Infrared Spectroscopy During Electrocatalytic Turnover Reveals the Ni-L Active Site State During H sub(2) Oxidation by a NiFe Hydrogenase

• Published in: Angewandte Chemie International Edition Vol. 54; no. 24; pp. 7110 - 7113
• Main Authors: Hidalgo, Ricardo, Ash, Philip A, Healy, Adam J, Vincent, Kylie A
• Format: Journal Article
• Language: English
• Published: 01.06.2015
• Subjects: Catalysis; Catalysts; Hydrogenase; Intermetallics; Iron compounds; Nickel; Nickel base alloys; Nickel compounds; Spectra
• ISSN: 1433-7851; 1521-3773
• DOI: 10.1002/anie.201502338

A novel in situ IR spectroscopic approach is demonstrated for the characterization of hydrogenase during catalytic turnover.

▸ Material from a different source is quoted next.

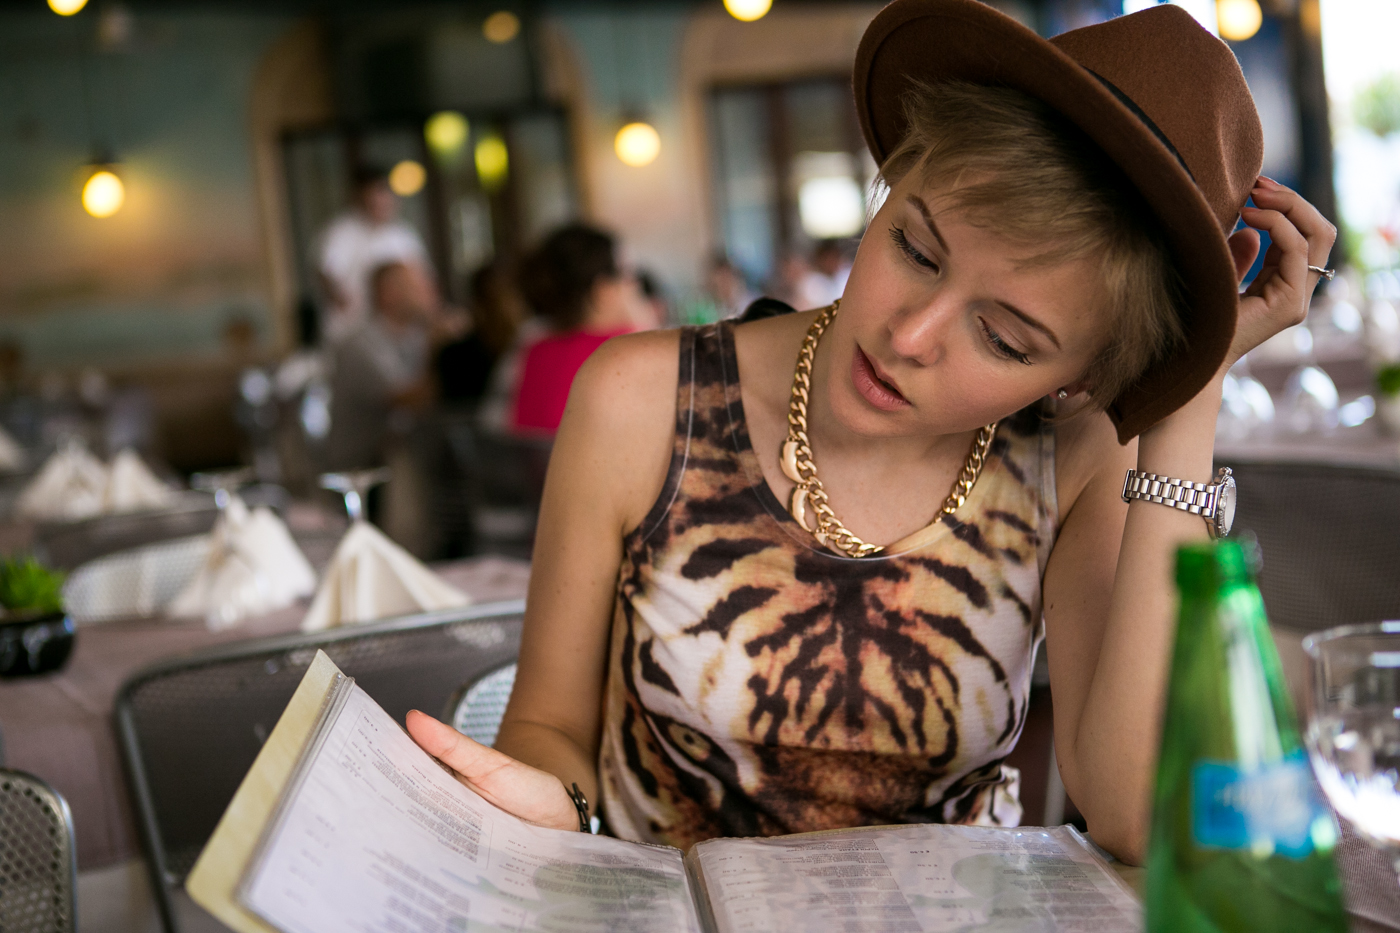 thecablook darya kamalova fashion blog street style denim shorts ash booties hm hat iseo lake piramidi di zona brescia-34

E. coli hydrogenase1 (Hyd-1) is adsorbed on a high surface-area carbon electrode and subjected to the same electrochemical control and efficient supply of substrate as in protein film electrochemistry during spectral acquisition. The spectra reveal that the active site state known as Ni-L, observed in other NiFe hydrogenases only under illumination or at cryogenic temperatures, can be generated reversibly in the dark at ambient temperature under both turnover and non-turnover conditions. The observation that Ni-L is present at all potentials during turnover under H sub(2) suggests that the final steps in the catalytic cycle of H sub(2) oxidation by Hyd-1 involve sequential proton and electron transfer via Ni-L. A broadly applicable IR spectroscopic technique is presented for addressing electrode-adsorbed redox enzymes under fast catalytic turnover. Protein film IR electrochemistry: A combination of precise electrochemical control with infrared spectral acquisition provides fresh insight into catalytic states of the NiFe hydrogenase active site.